Experimental Investigation of Particle Deposition on Face-up Surfaces of Wafers and EUVL Photomasks Exposed to a Parallel Airflow

Abstract

It is of great importance to predict the level of particulate contamination of wafers or photomasks in semiconductor manufacturing. Thicknesses of 300-mm-wafers of current mass production, 450-mm-wafers of near-future mass production, and EUVL photomask of next-generation lithography are 0.0775, 0.0925, and 0.635 cm, respectively. In this study, the effect of plate thickness on particle deposition velocity onto face-up wafers or EUVL photomasks situated parallel to an airflow was investigated by comparing experimentally measured and theoretically predicted particle deposition velocities, when the theoretical prediction of Yook (Particle deposition velocity onto a wafer or a photomask in a laminar parallel flow.

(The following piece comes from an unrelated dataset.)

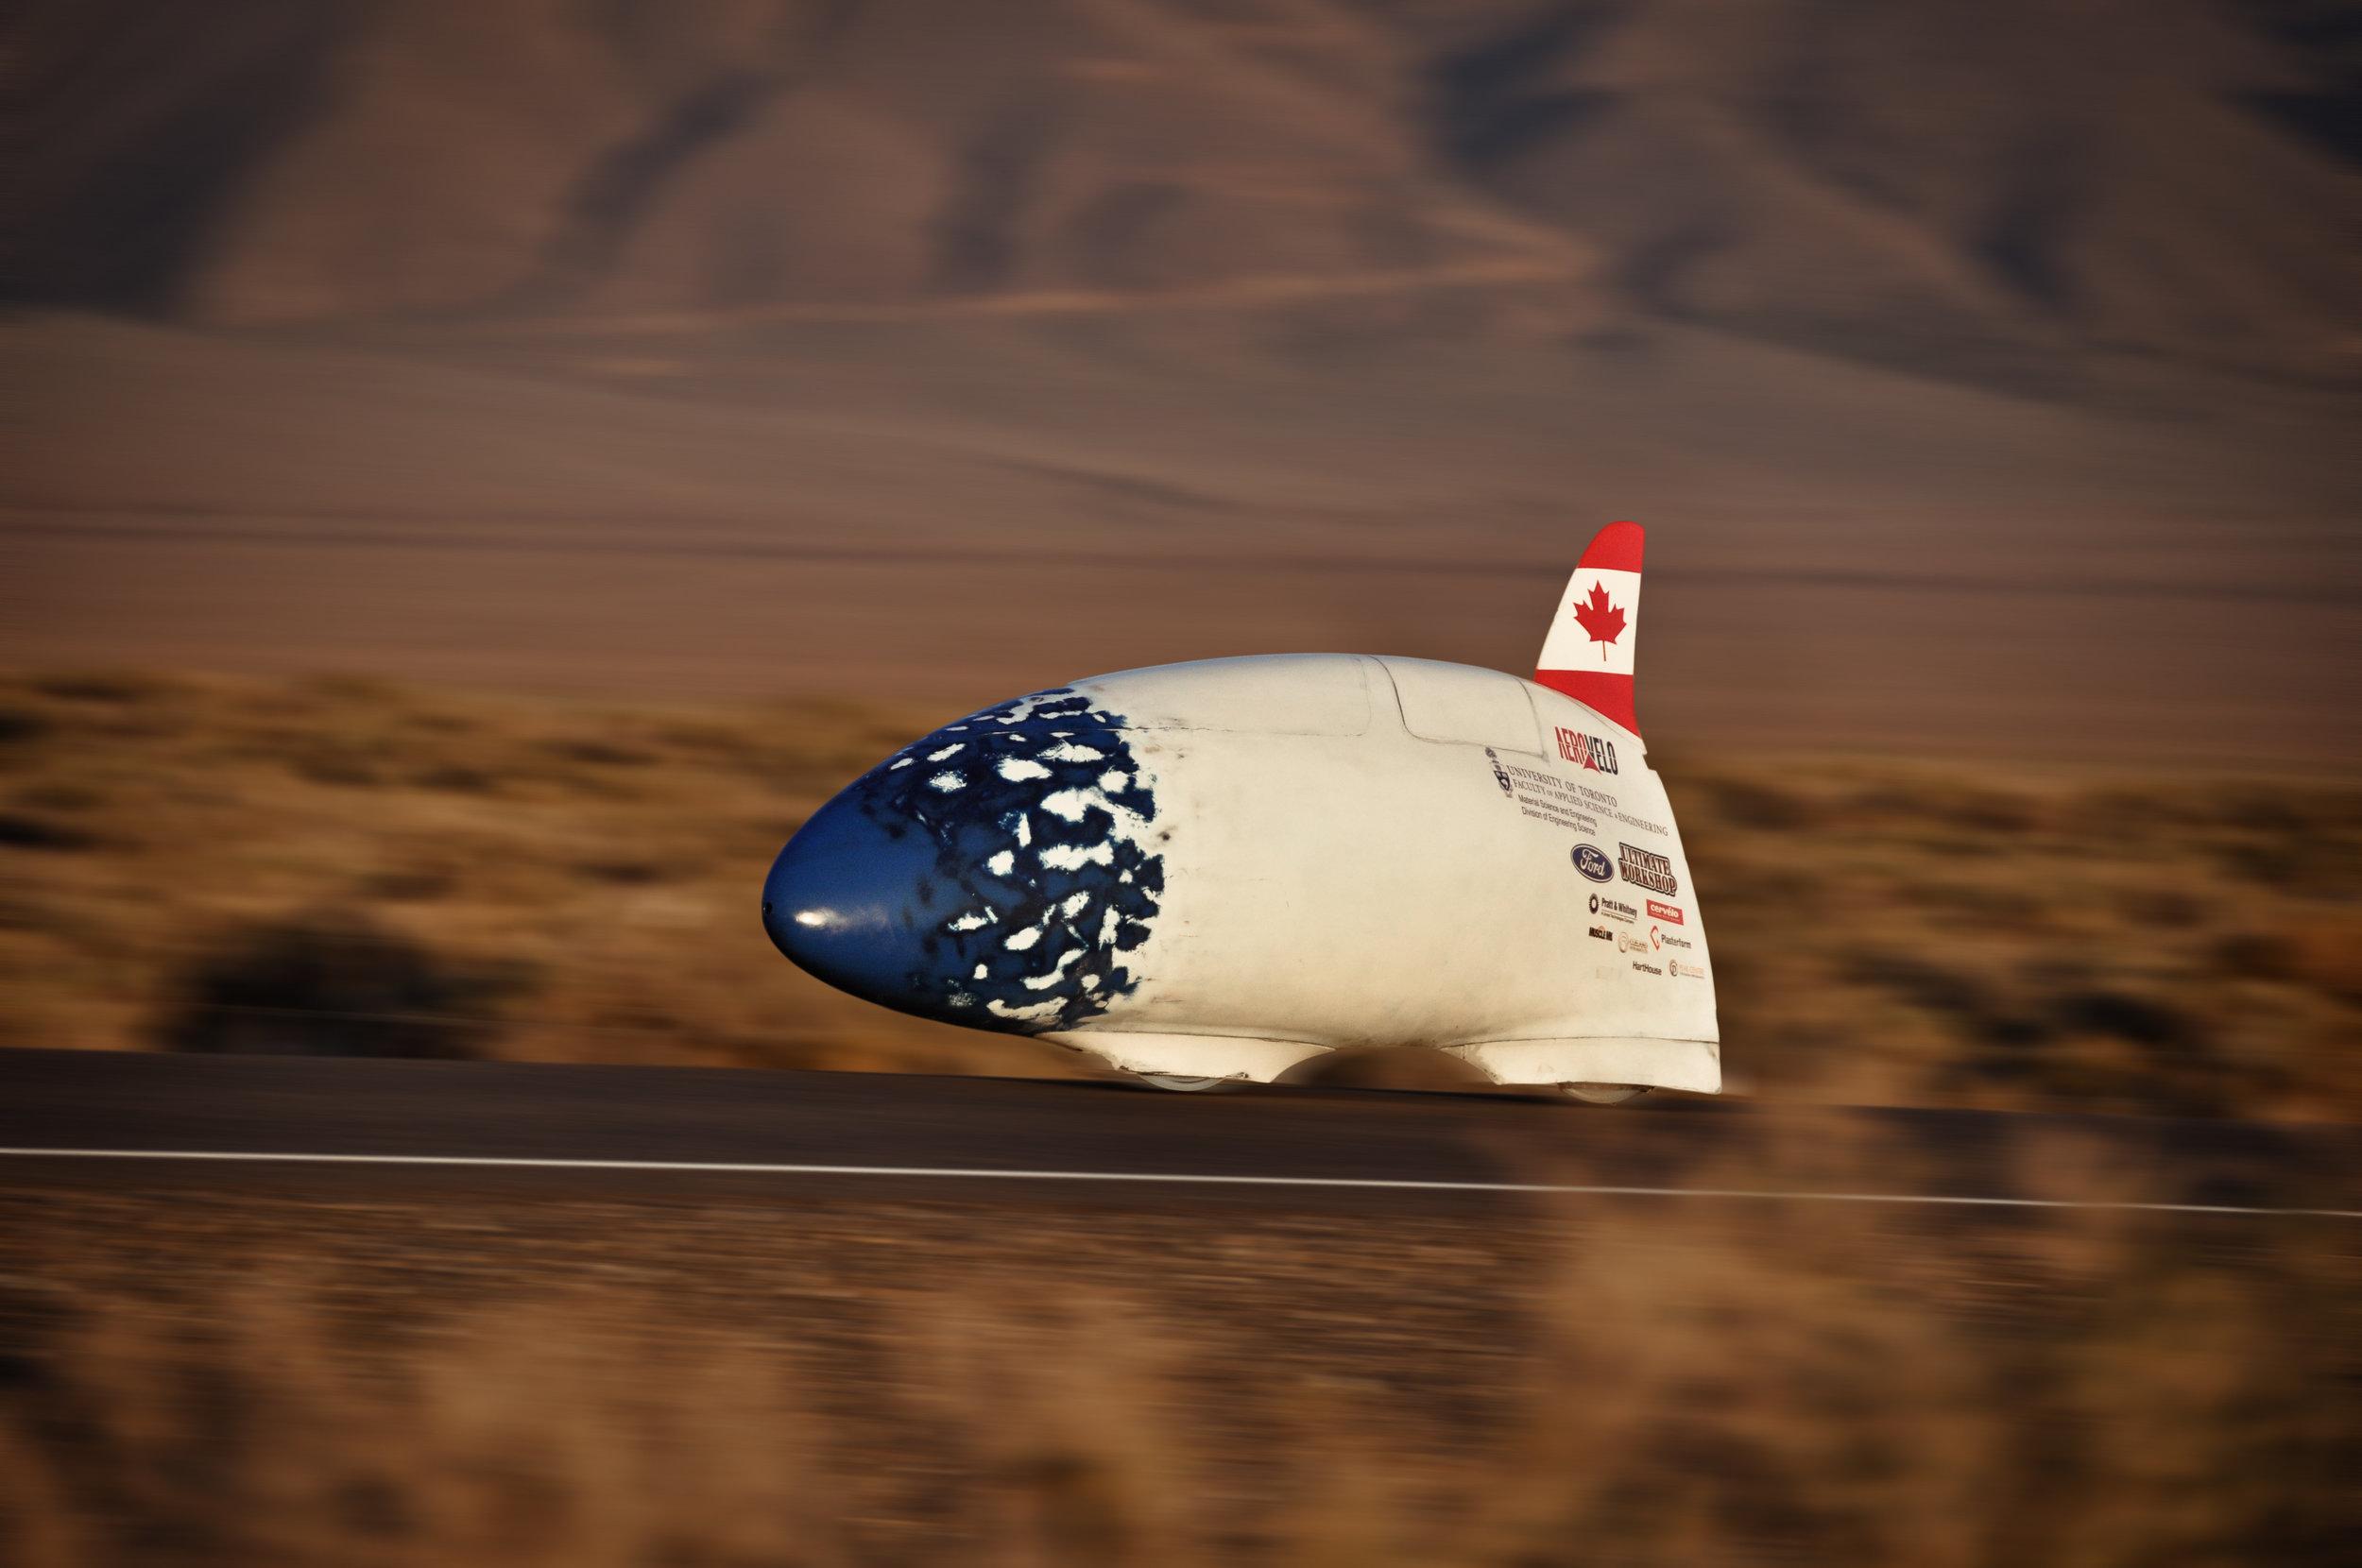 Bluenose (2012-2013) Top Speed: 125.02 km/hr

J. Electrochem. Soc. 157, H692-H698, 2010) was based on the neglect of plate thickness. It was found that the correlation of Yook (2010) could accurately predict particle deposition velocities onto the wafers, owing to negligible thicknesses of wafers. On the other hand, in the case of the EUVL photomask, it was found that the effect of photomask thickness on particle deposition velocity was remarkable, but discrepancy between experimental measurement and prediction using the theory of Yook (2010) became smaller with increasing either particle diffusivity or gravitational settling velocity.